The current meltdown in the markets is quite terrifying. Trust between banks has collapsed and inter-bank lending has all but collapsed as fears of insolvency of counter-parties prevent banks from lending to each other. And it is concerns over solvency, not liquidity, which is the driving force behind the current, vicious twist in the banking crisis. Surely, it can only be a matter of days before the British Government steps in, directly injecting capital, to help re-capitalise our High Street banks in order to stabilise the banking sector. Forget moral hazard, forget ballooning public sector debt. Desperate times call for desperate measures. And these are desperate and dangerous times.
Whatever the criticisms of the US authorities and whatever the criticisms of the British authorities at least both countries have the institutions that are charged with tackling the banking crisis. The US Treasury and the Fed can concentrate on the travails of the US banking system and here in Britain the Treasury and the Bank of England can concentrate on the British banking system.
This is not the case in the Euro Area, where, yes, you have a central bank which can push emergency funds into the money markets and set interest rates but in other ways lacks the institutions to deal with a severe banking crisis in a coordinated and coherent fashion. In the rush to set up monetary union in the 1990s not nearly enough thought was given to the necessary political institutions that are required to maintain the euro’s long-term viability. All went well with the euro whilst the global economies thrived and the financial systems were not stretched. Just how the euro will fair now that we are facing the biggest banking crisis since the late 1920s is a different matter.

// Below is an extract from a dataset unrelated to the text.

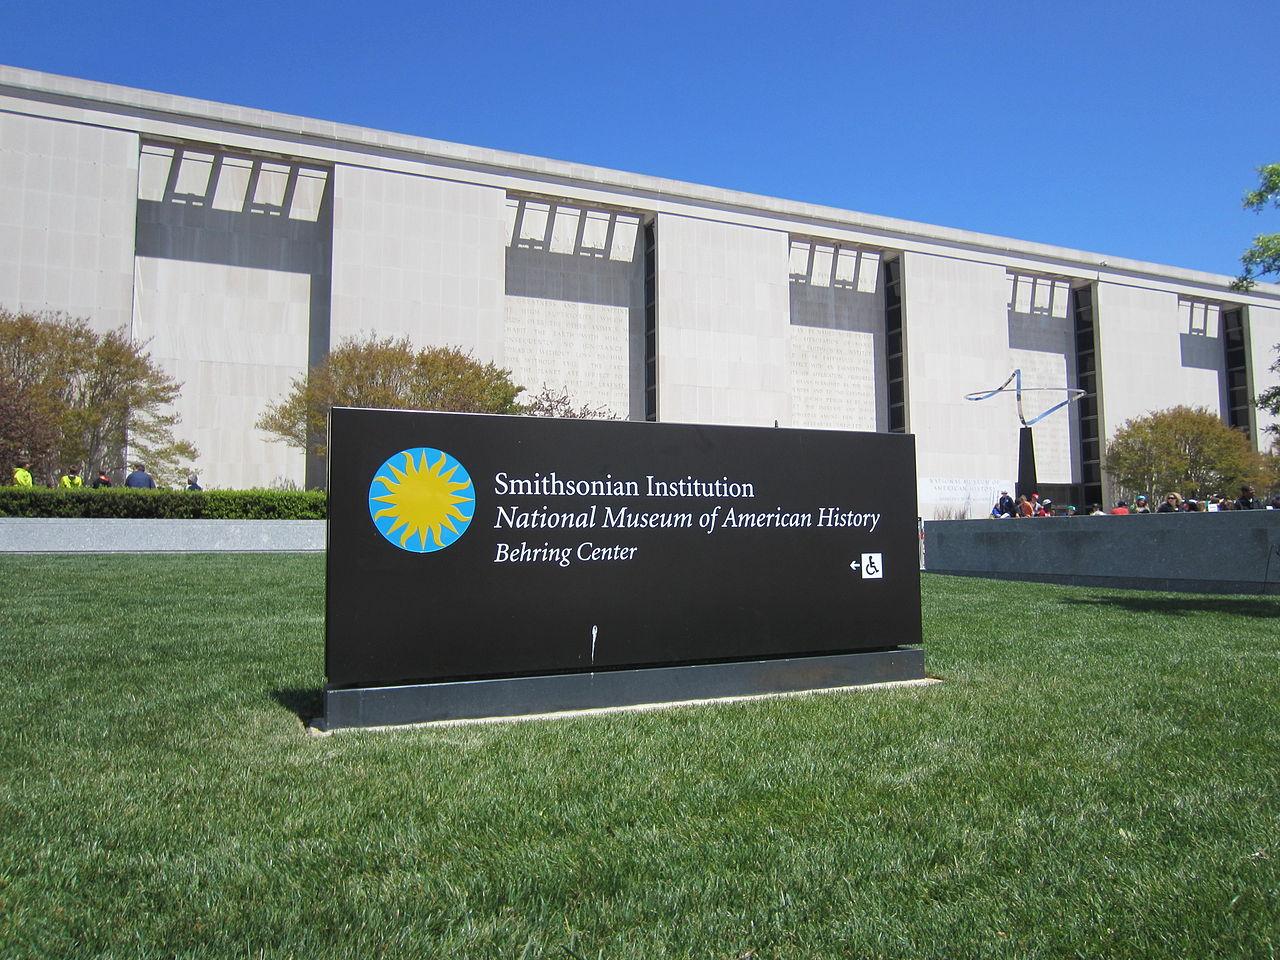 National Museum of American History, Washington, DC

The omens do not look good. Both the Irish and the Greek governments when faced with crises of confidence in their banking sectors simply, and unilaterally, announced 100% guarantees for bank deposits. “Every man for himself” and blow the concept of European unity. And they really cannot be blamed. The Irish and Greek governments have to deal with their own national problems and are accountable to their own national electorates. If, as looks all too horrendously likely, the economic and financial situations deteriorate further the euro could come under very severe pressure indeed.
It should be remembered that no major currency union has survived without political union. In times of crisis national priorities take over from supra-national ones. There is no reason to believe that the Euro Area is fundamentally different from its predecessors. The Euro Area either pushes ahead and builds the appropriate institutions to shore up the currency’s long-term survival prospects, or it faces collapse.